Thai landraces are often prone to hermaphroditism, a trait believed to be genetic rather than environmentally-induced. Some believe the extremely high temperatures in Thailand cause the phenomenon, but it also occurs in cooler grow-rooms, so a genetic influence seems more likely.
Thai sticks are a famous form of cannabis that were popular in Thailand in the 1960s. These ‘sticks’ were bundles of buds taken from seedless cannabis, which were skewered on stems. Fibres from the plant were then used to hold the cannabis in place.
Known for their high potency (sometimes because they were also dipped in opium), they continued to be popular until the mid-1970s. When the US troops from the Vietnamese War returned to their home country, the popularity of Thai sticks dwindled.
Modern attitudes to cannabis
Cannabis is regarded by many in Thailand as a traditional medicine, which means it doesn’t have the same stigma as other drugs. However, all other forms of drugs are usually frowned upon and as such, punishments for all drug-related offences are harsh.

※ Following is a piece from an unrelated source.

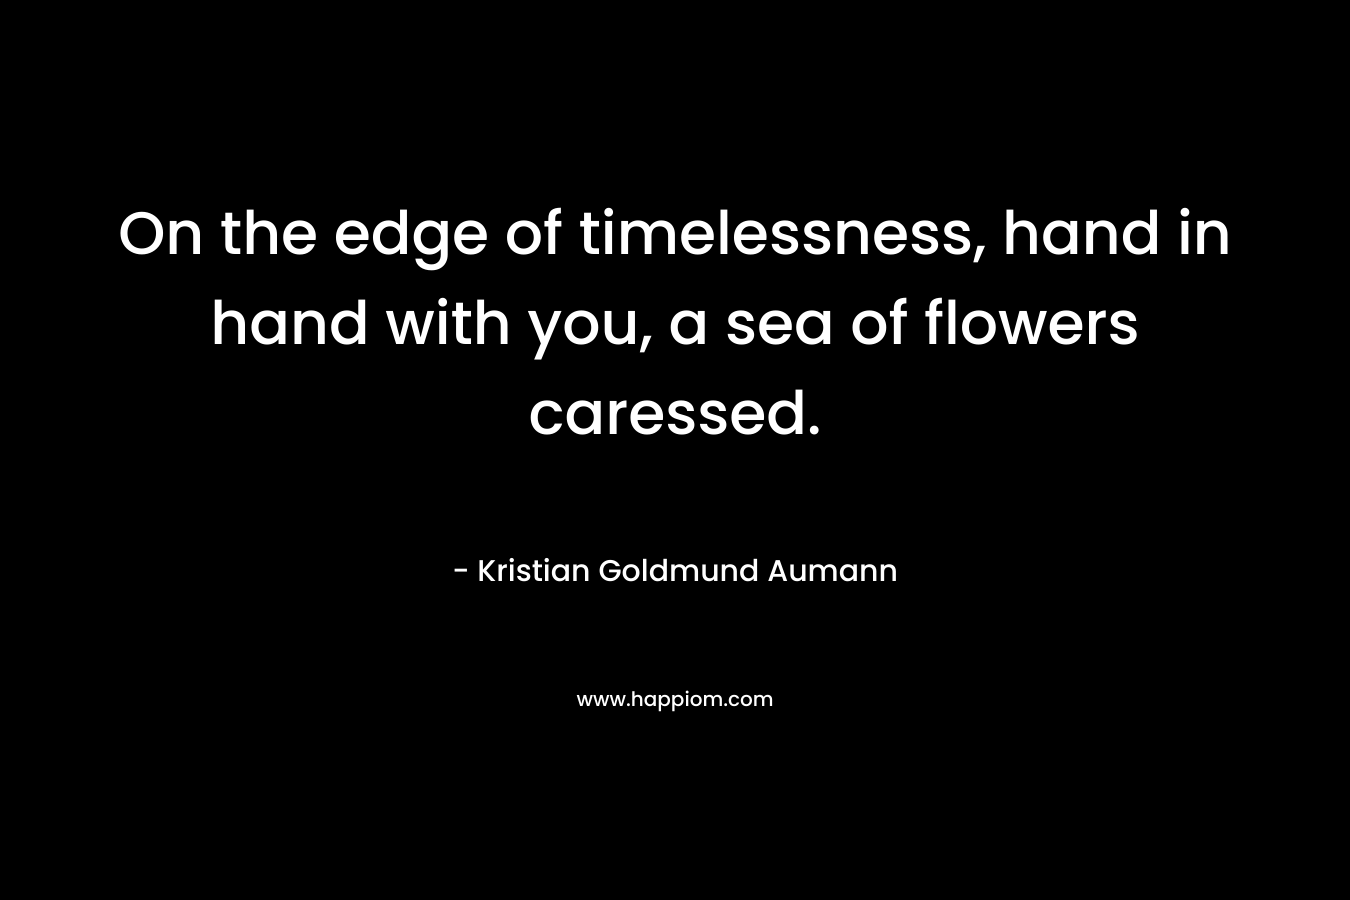 On the edge of timelessness, hand in hand with you, a sea of flowers caressed. – Kristian Goldmund Aumann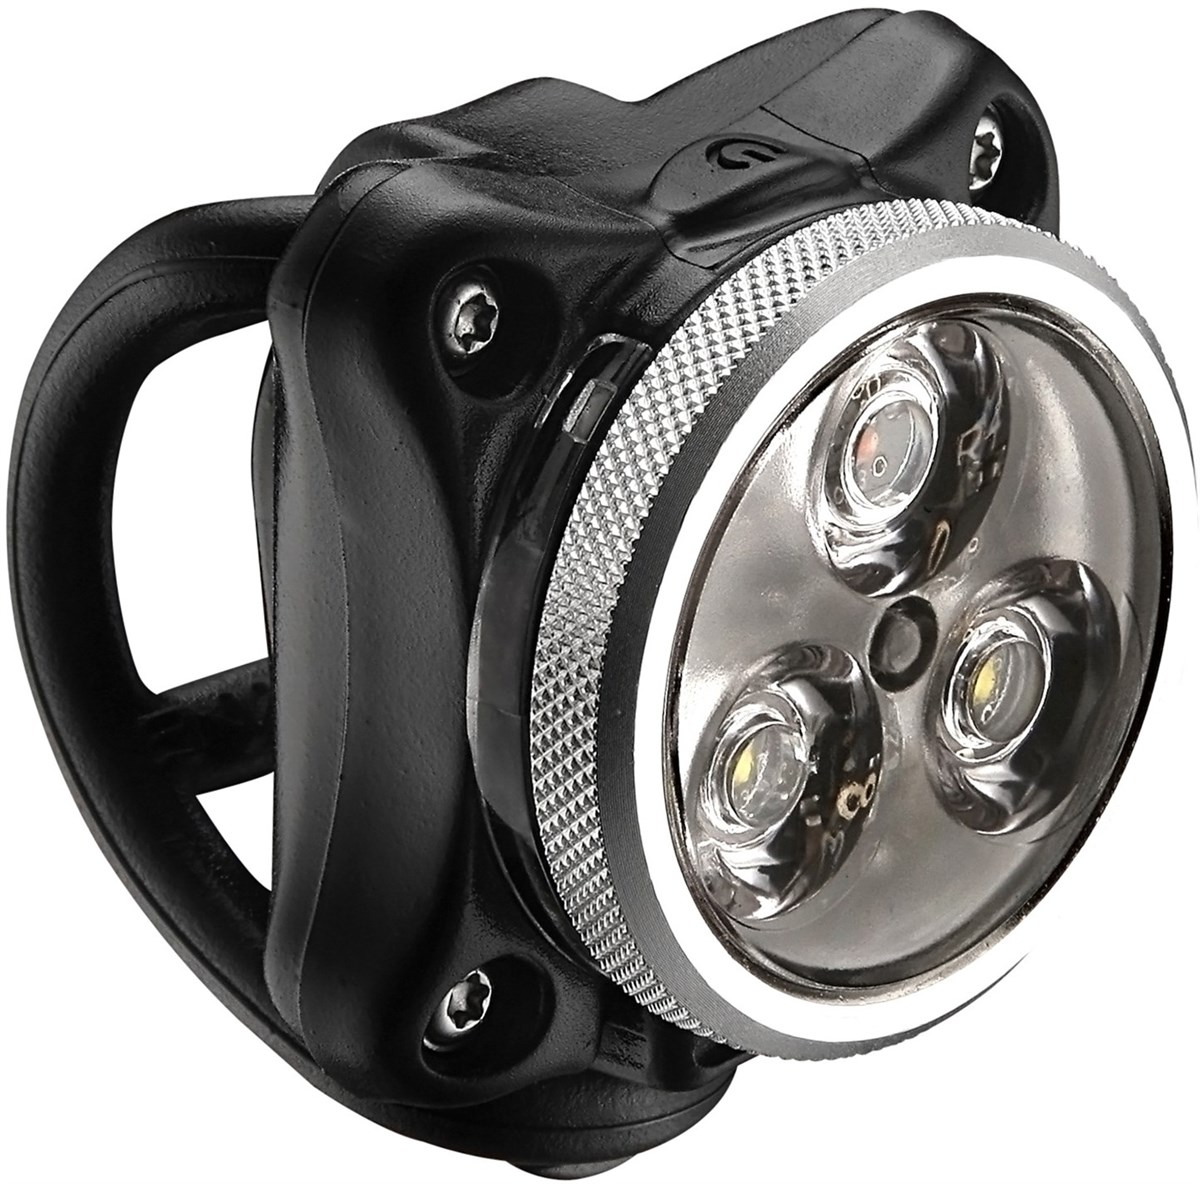 Lezyne Zecto Drive Pro LED USB Rechargeable Front/Rear Light product image

The government acknowledges that their approach isn’t achieving results. Justice Minister Paiboon Koomchaya observed that the ‘war on drugs’ didn’t seem to be successful and that a new approach might be necessary. Thailand’s prisons are the sixth largest in the world in terms of population, with many being overcrowded. A high percentage of inmates are imprisoned for drug offences. Koomchaya suggested that changes were needed to address this problem, and that cannabis should be decriminalised as a result.
- Disclaimer:While every effort has been made to ensure the accuracy of this article, it is not intended to provide legal advice, as individual situations will differ and should be discussed with an expert and/or lawyer.